= Beginning of Section =
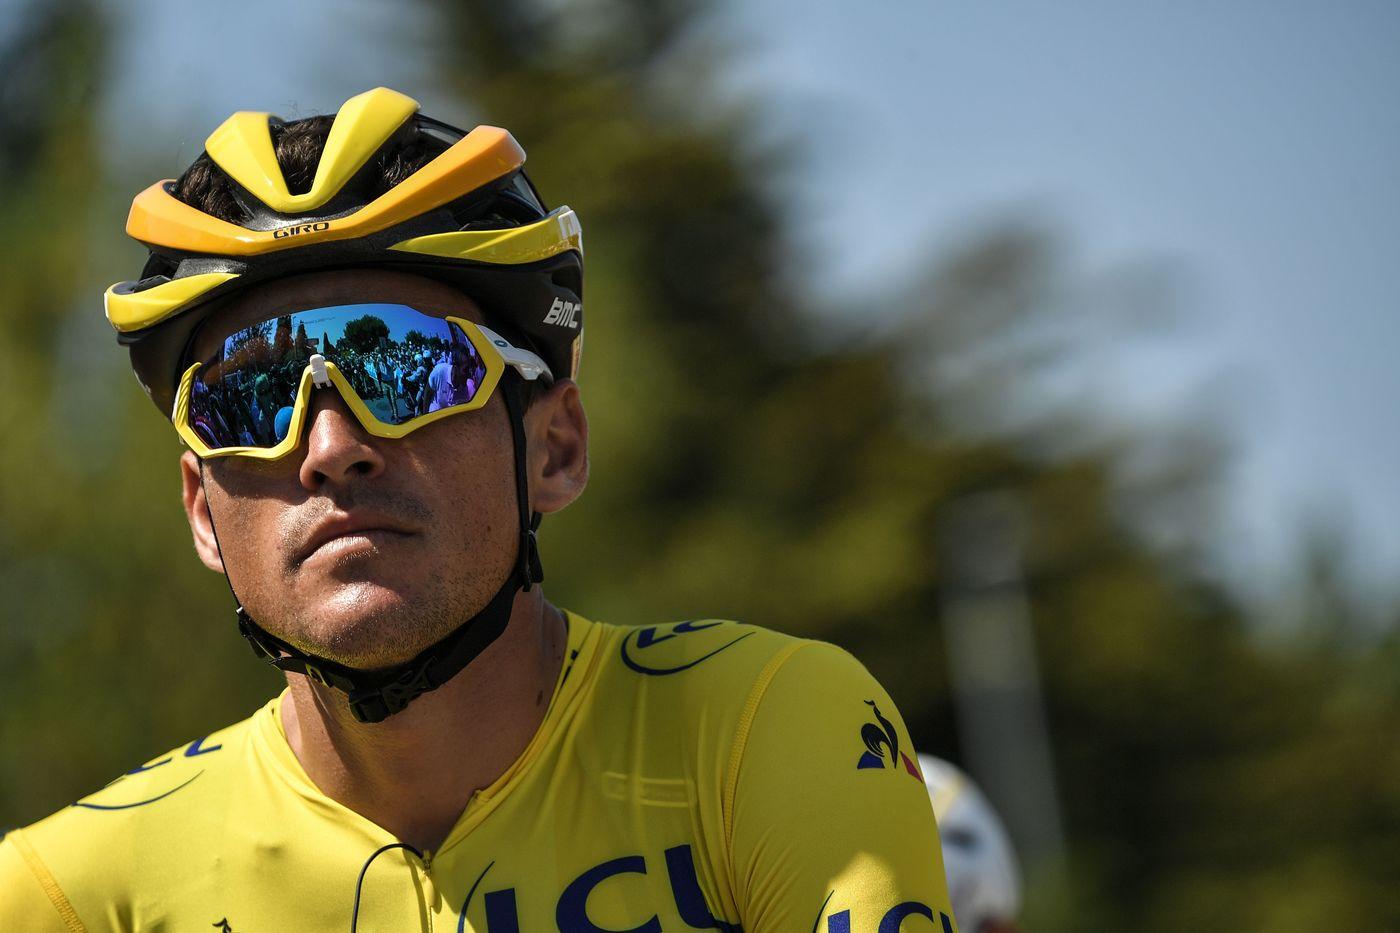 Tour de France 2018 favoriti tappa 5: è il giorno degli uomini da classica
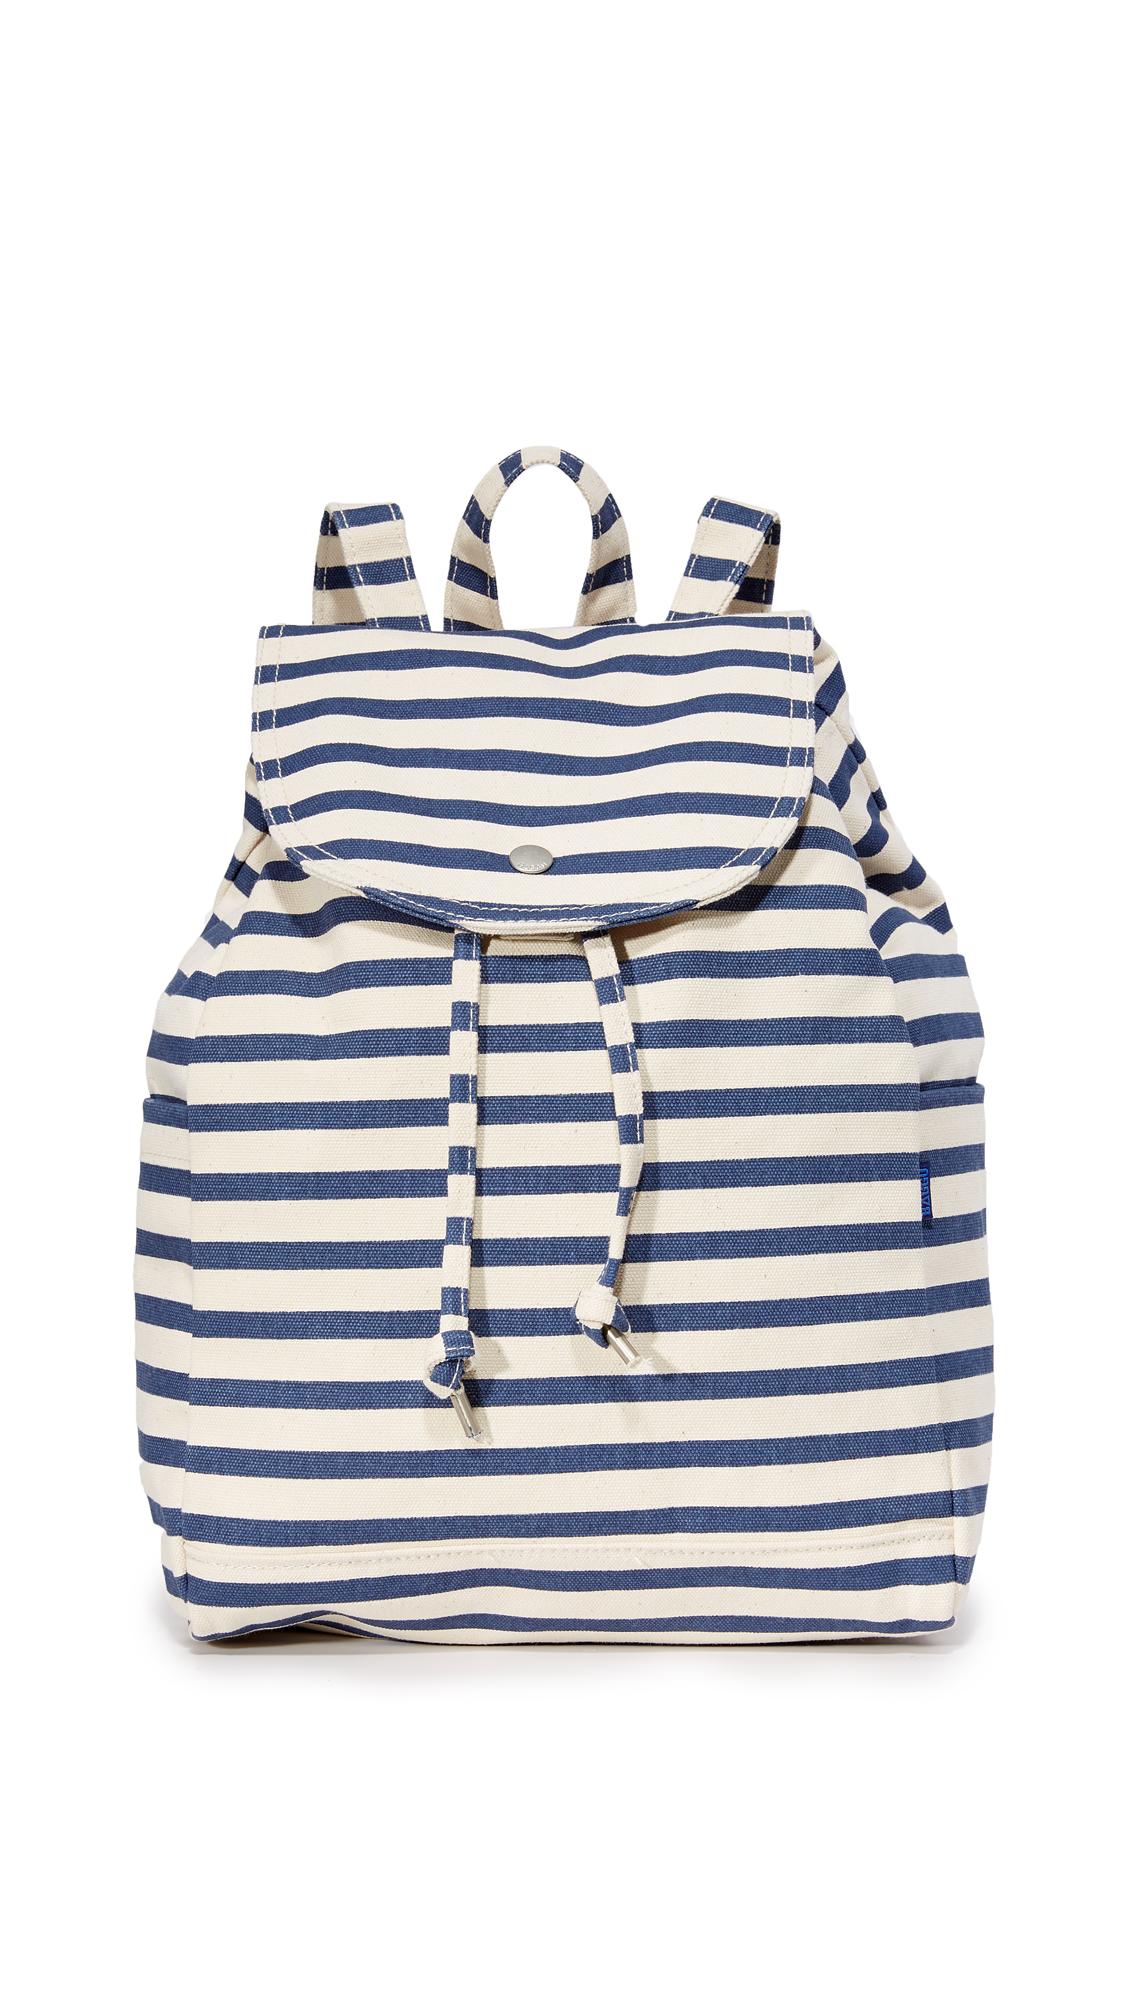 BAGGU Drawstring Backpack - Sailor Stripe
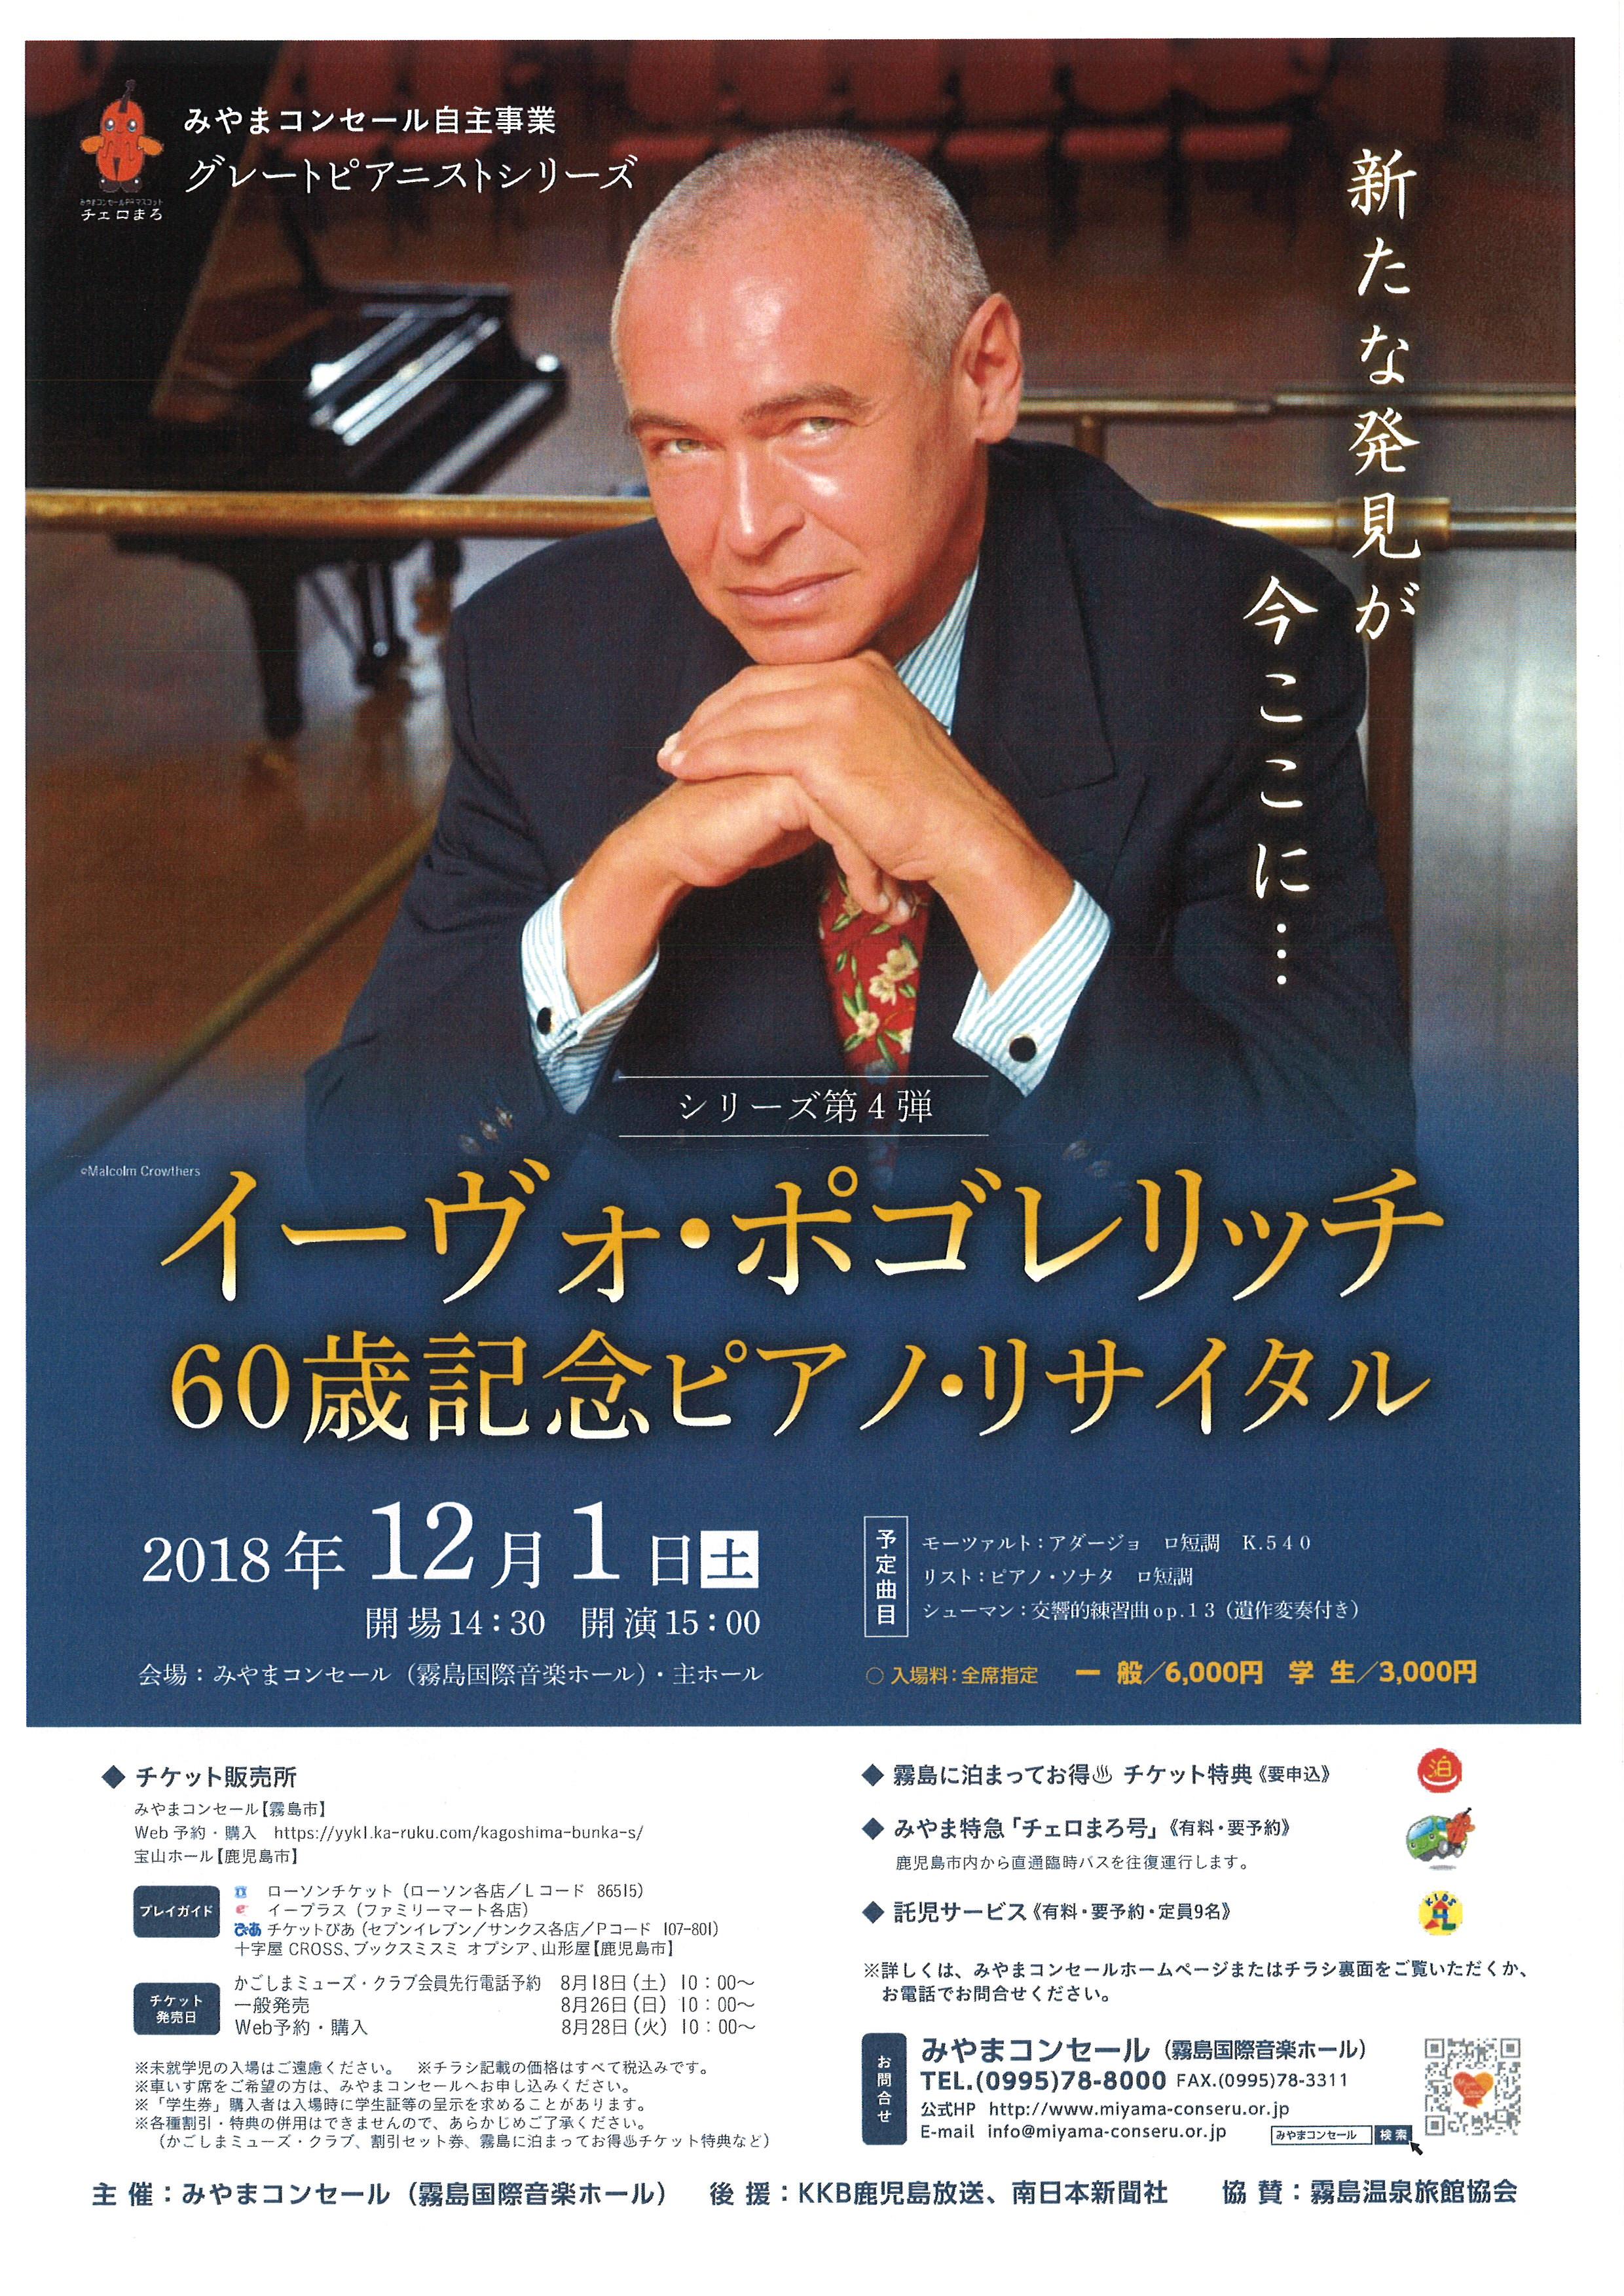 イーヴォ・ポゴレリッチ 60歳記念 ピアノ・リサイタル
= End of Section =
* _PROBLEM TO WORK ON_
The answer must be the listing above, restated word for word, with no images in it.

* _ANSWER TO THIS PROBLEM_
 Tour de France 2018 favoriti tappa 5: è il giorno degli uomini da classica
 BAGGU Drawstring Backpack - Sailor Stripe
 イーヴォ・ポゴレリッチ 60歳記念 ピアノ・リサイタル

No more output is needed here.